The partitions are heavily skewed - some of the partitions are massive and others are tiny.
Problem #1:
When I use repartition before repartitionBy
, Spark writes all partitions as a single file, even the huge ones
val df = spark.read.parquet("some_data_lake")
df
.repartition('some_col).write.partitionBy("some_col")
.parquet("partitioned_lake")
This takes forever to execute because Spark isn't writing the big partitions in parallel. If one of the partitions has 1TB of data, Spark will try to write the entire 1TB of data as a single file.
Problem #2:
When I don't use repartition
, Spark writes out way too many files.
This code will write out an insane number of files.
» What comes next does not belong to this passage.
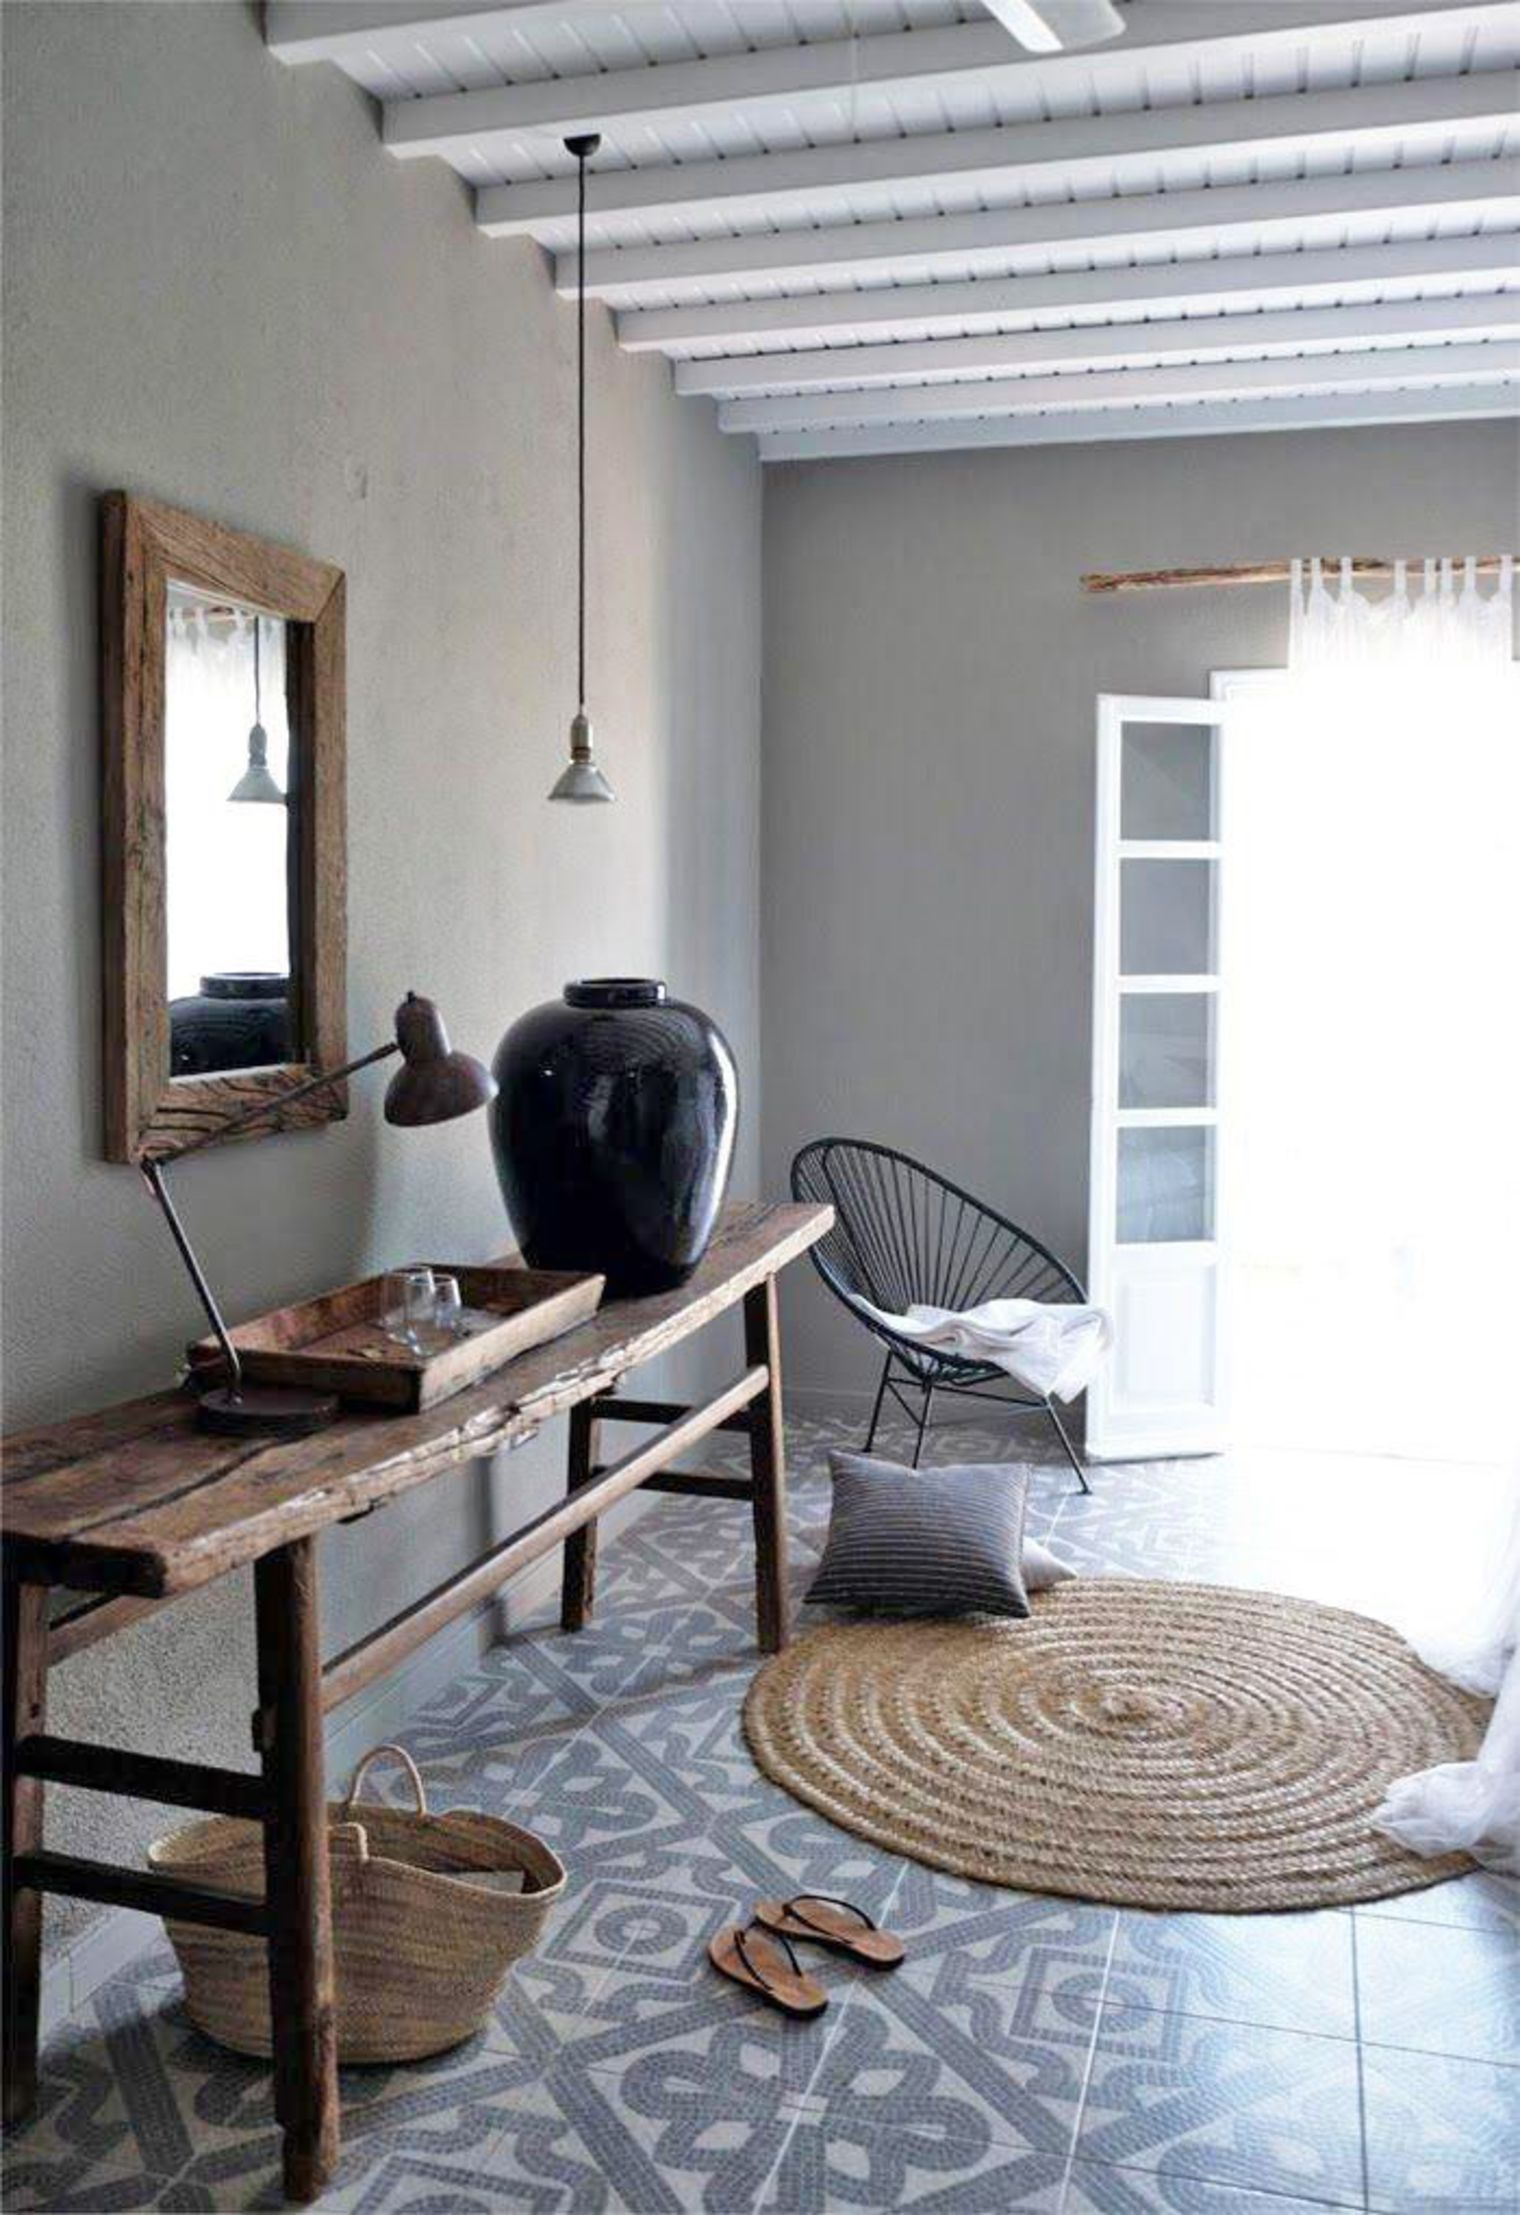 Cuisine: Tanguy Materiaux Porte D Entree Nativ Jpg × Deco ... destiné Amanagement Extarieur Maison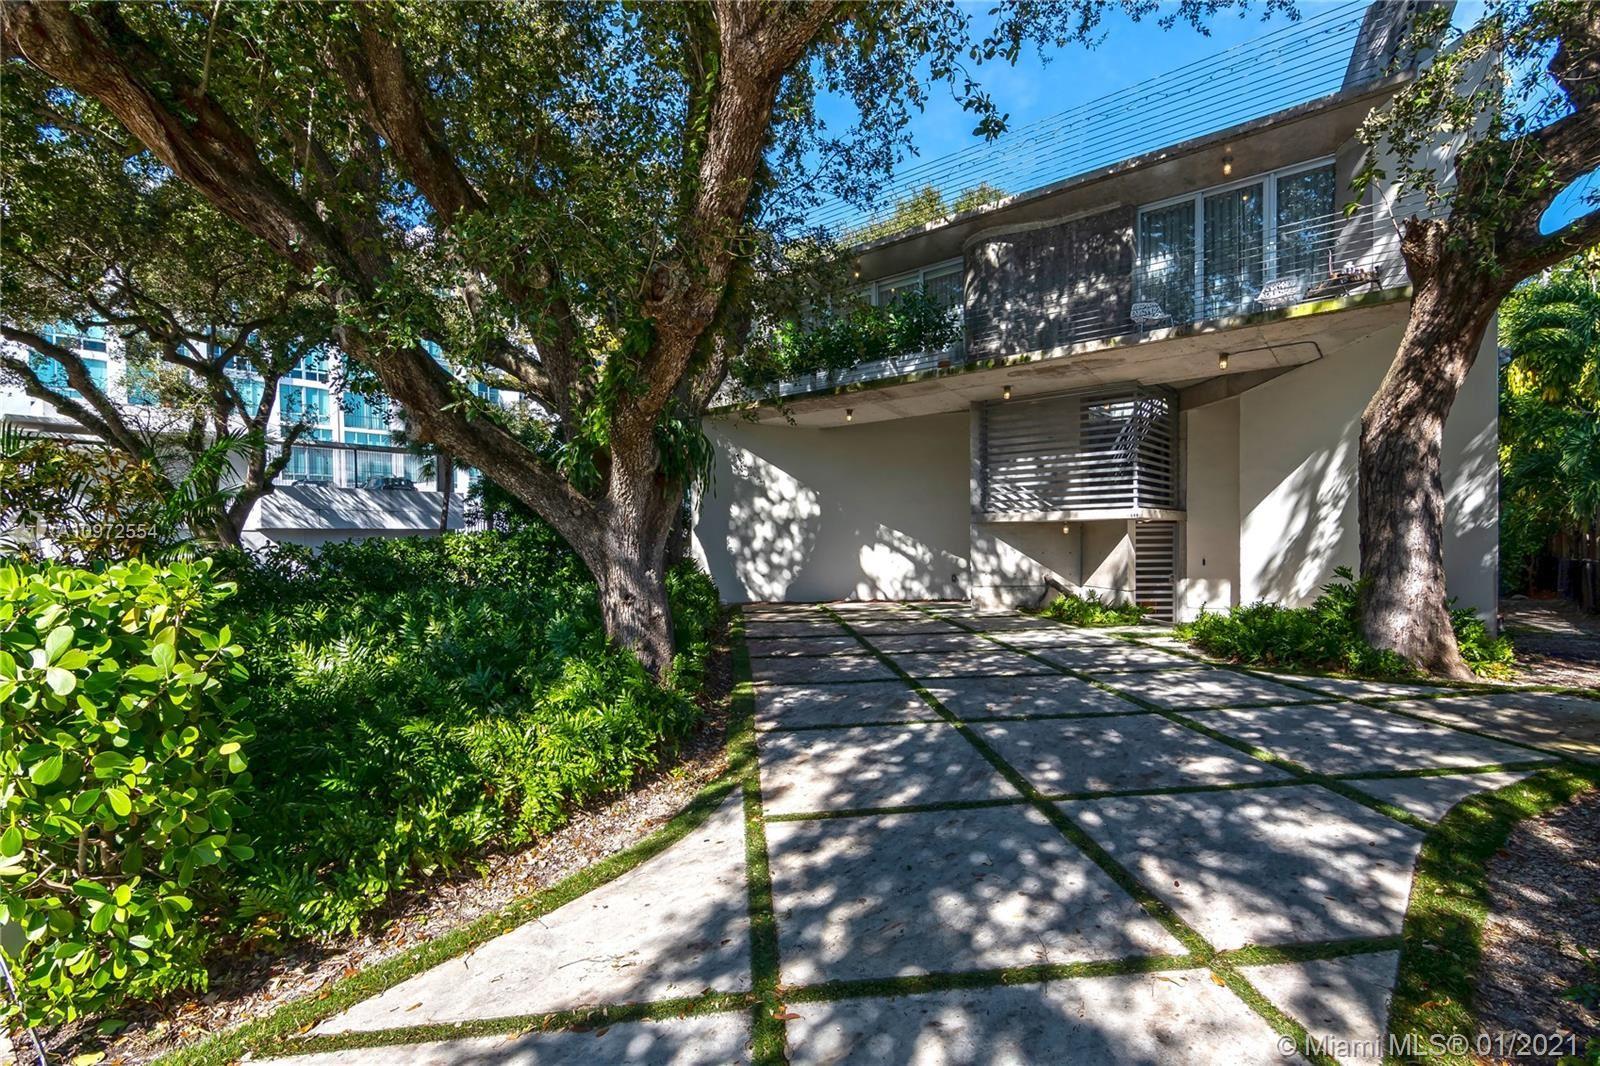 649 NE 81st St, Miami, FL 33138 - #: A10972554

df.write.partitionBy("some_col").parquet("partitioned_lake")
I ran this on a tiny 8 GB data subset and Spark wrote out 85,000+ files!
When I tried running this on a production data set, one partition that has 1.3 GB of data was written out as 3,100 files.
What I'd like
I'd like for each partition to get written out as 1 GB files. So a partition that has 7 GB of data will get written out as 7 files and a partition that has 0.3 GB of data will get written out as a single file.
What is my best path forward?